“İmam-ı Kastalanî’den Seçme ve Süzmeler” Kürsü Kainatın Efendisi Sayı:
89 - Temmuz / Eylül 2016
(Önceki sayının devamı)
Nerede bir hasta olsa ziyarete giderler, nerede bir cenaze olsa hazır olurlardı.
Temiz zevceleriyle ülfetleri kemâl halindeydi. Ayrı yatmazlar, zevceleriyle birlikte yatarlardı. Bu sünnet şekli erkeğin, zevcesiyle bir yatakta yatmasının faziletini gösterir.
İmam-ı Buharî rivayetince; Habeşiler gelip Mescit önünde oyunlar gösterdikleri zaman Hazret-i Ayişe’ye seyrettirmişlerdi. Peygamber zevcesi, Allah’ın Resûlü’nün mübarek omuzlarına dayanıp oradan seyretmişti.
Hadîs âlimlerinin rivayetleri şöyledir:
“Bir gün Allah’ın Resulü gördüler ki, Habeşiler gelmiş kapının önünde def çalıyorlar. Küçük çocuklar da etraflarını almış, seyretmekte… Kâinatın Fahri, Hazret-i Ayişe’yi çağırıp dışarı seyretmesini istediler…
Hazret-i Ayişe: “Ben de vardım, elimi Allah’ın Resûlü’nün omuzu üstüne koydum ve seyretmeye başladım. Kâinatın Fahri, “Ayişe, seyre doymadın mı?” dedikçe ben “hayır, daha daha!..” diyordum. Oyunlar tamamlanana kadar seyretmeme müsaade buyurdular.”

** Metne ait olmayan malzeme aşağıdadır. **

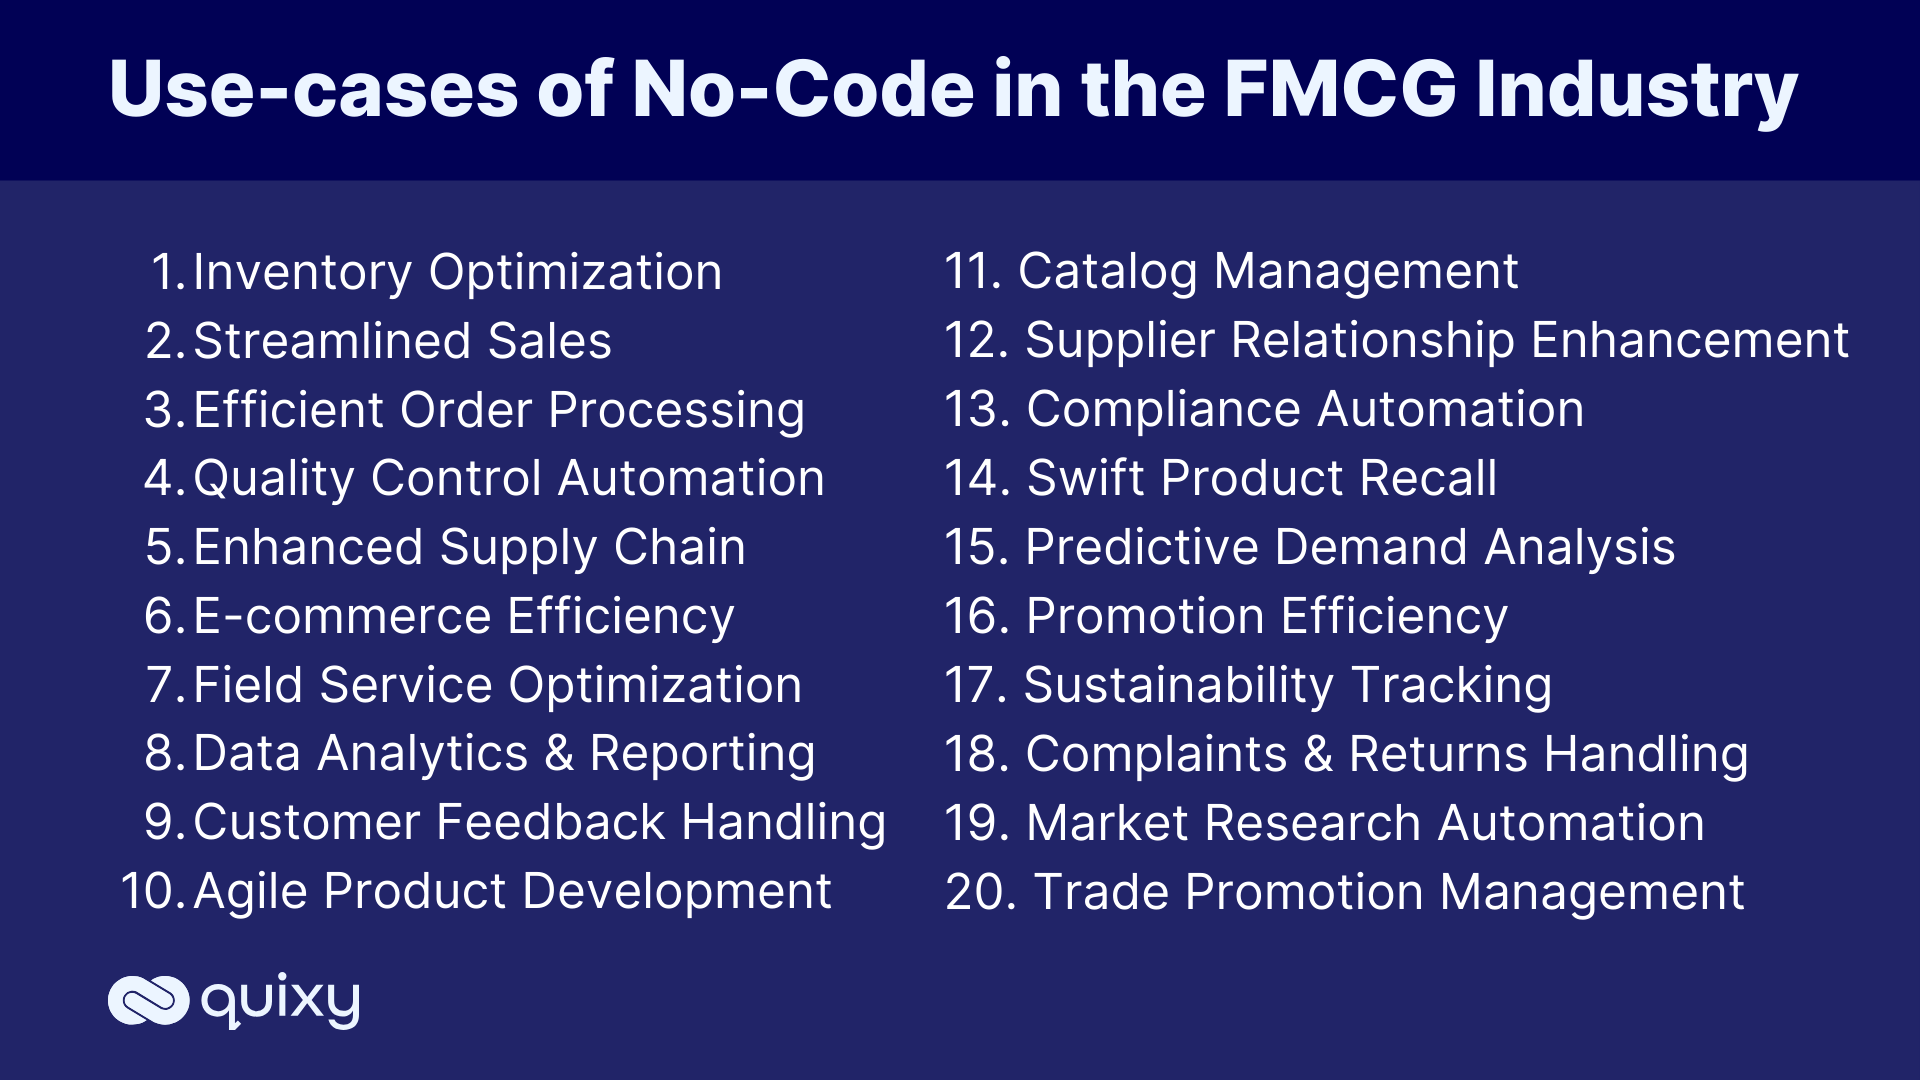 Use Cases of No-Code in the FMCG Industry
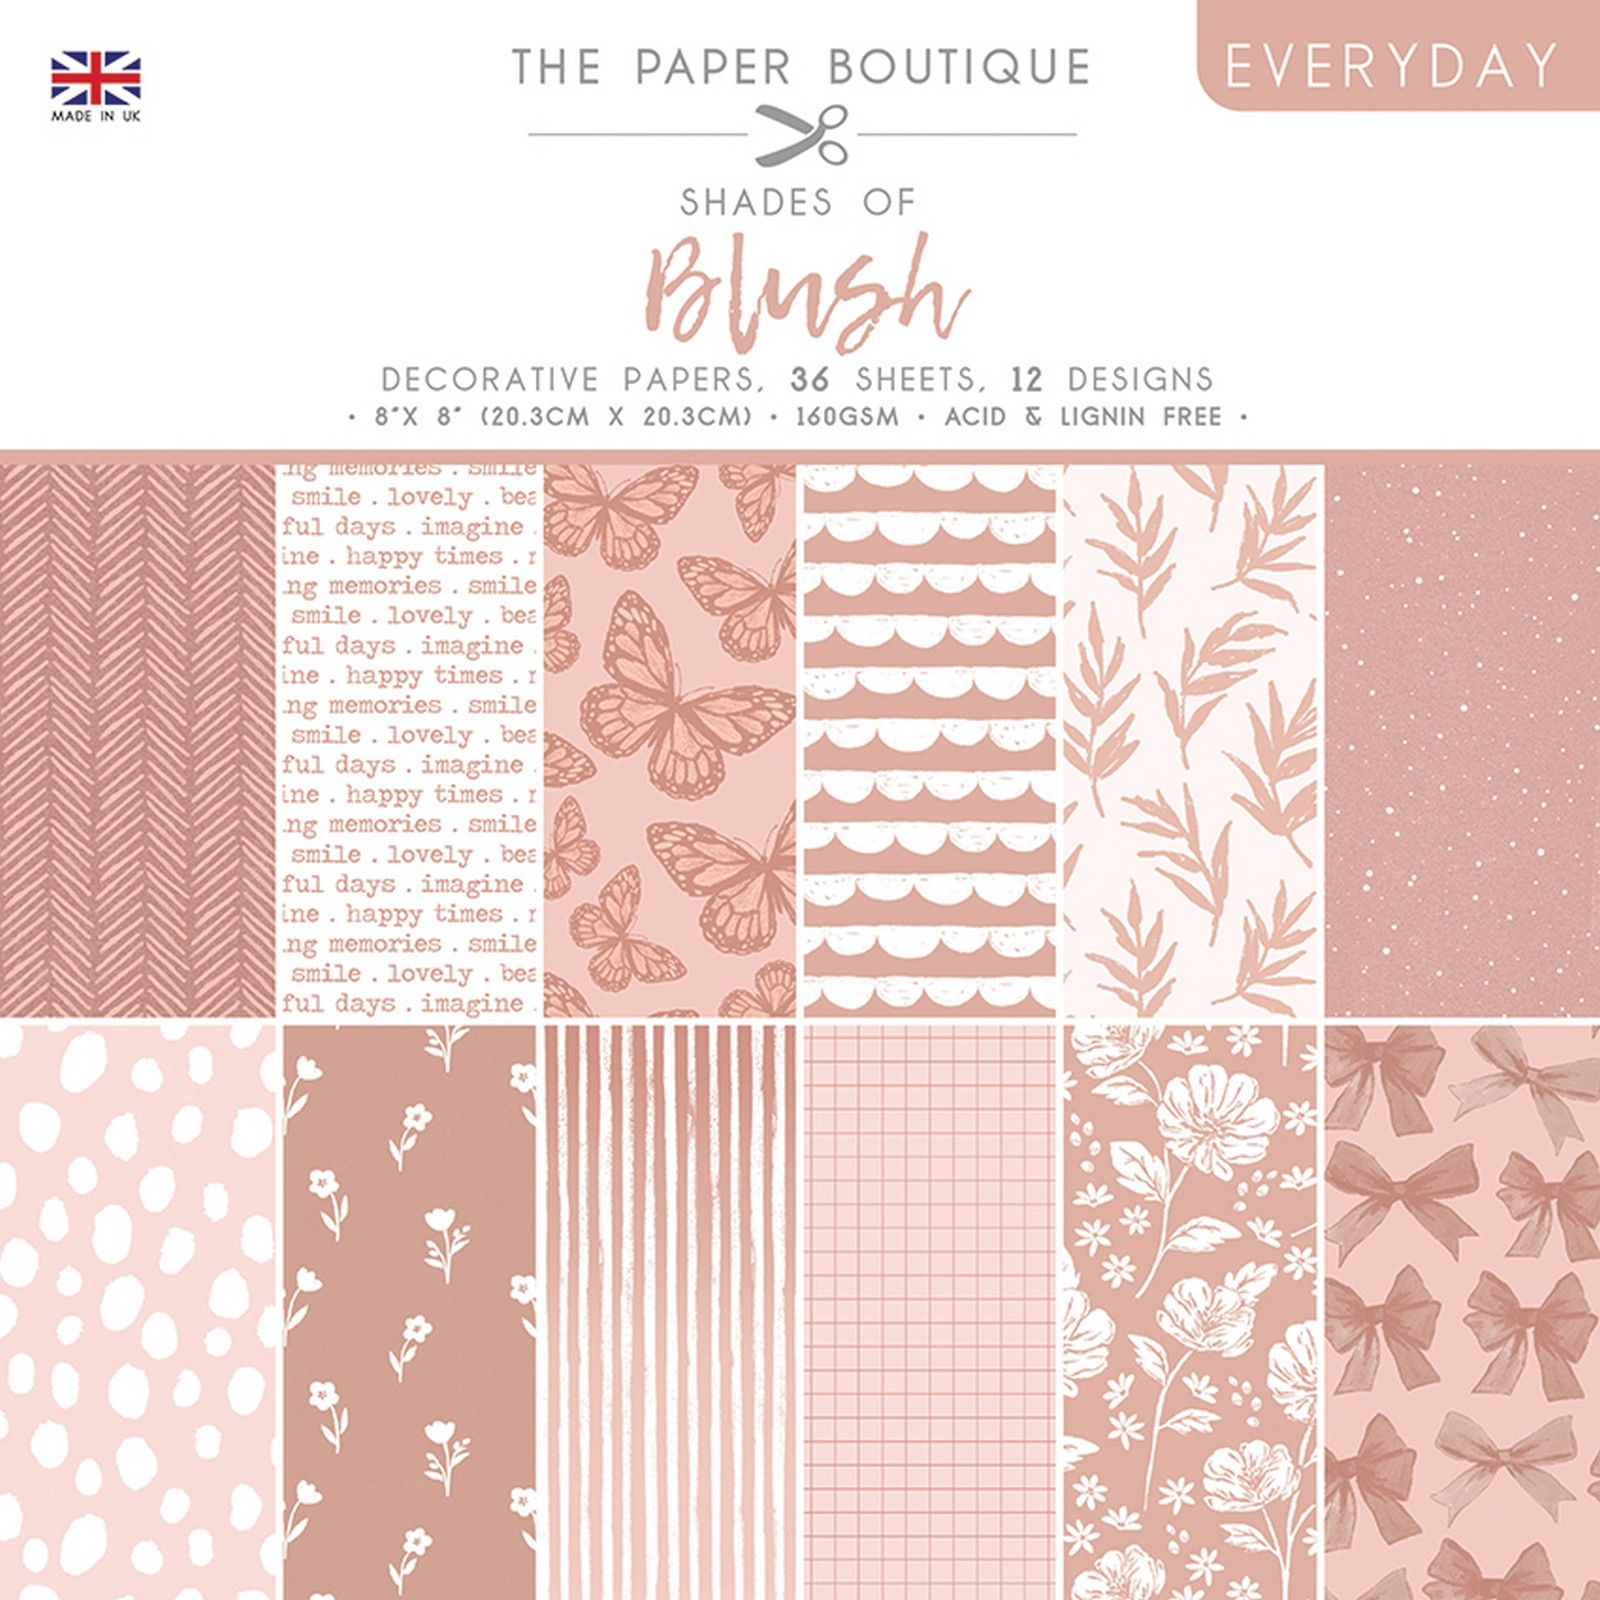 The Paper Boutique • Everyday shades of Blush decorative papers

Yakınlarından ve hususi hizmetlerine bakanlarından Enes Bin Malik Hazretleri, bu bakımdan en çok Hadîs rivayet edenler arasındadır.
Anlatıyor:
“Bir gün Hazret-i Ayişe’nin evinde bulunuyorduk. Zevcelerden Ümm-ü Seleme’nin evinden bir tabak pişmiş et geldi…
Allah’ın Resûlü’nün önüne koydular. Bizi de yemeye davet ettiler. Kendileri mübarek ellerinden uzattılar. Biz de uzattık ve yemeye başladık. Hazret-i Ayişe o anda, ocakta yemek pişirmekteydi. Aceleyle yemeği pişirdi. Ümmü Seleme’den yemek geldiğini görmüştü. Kendi yemeğini yetiştirip ortaya koydu ve Ümmü Seleme’nin tabağını kaldırdı.
Allah’ın Resulü “Allah’ın ismiyle yiyin, anneniz kıskandı” dediler ve Ayişe’nin tabağını Ümmü Seleme’ye gönderdiler. “Tabak yerine tabak, yemek yerine yemek!” buyurdular.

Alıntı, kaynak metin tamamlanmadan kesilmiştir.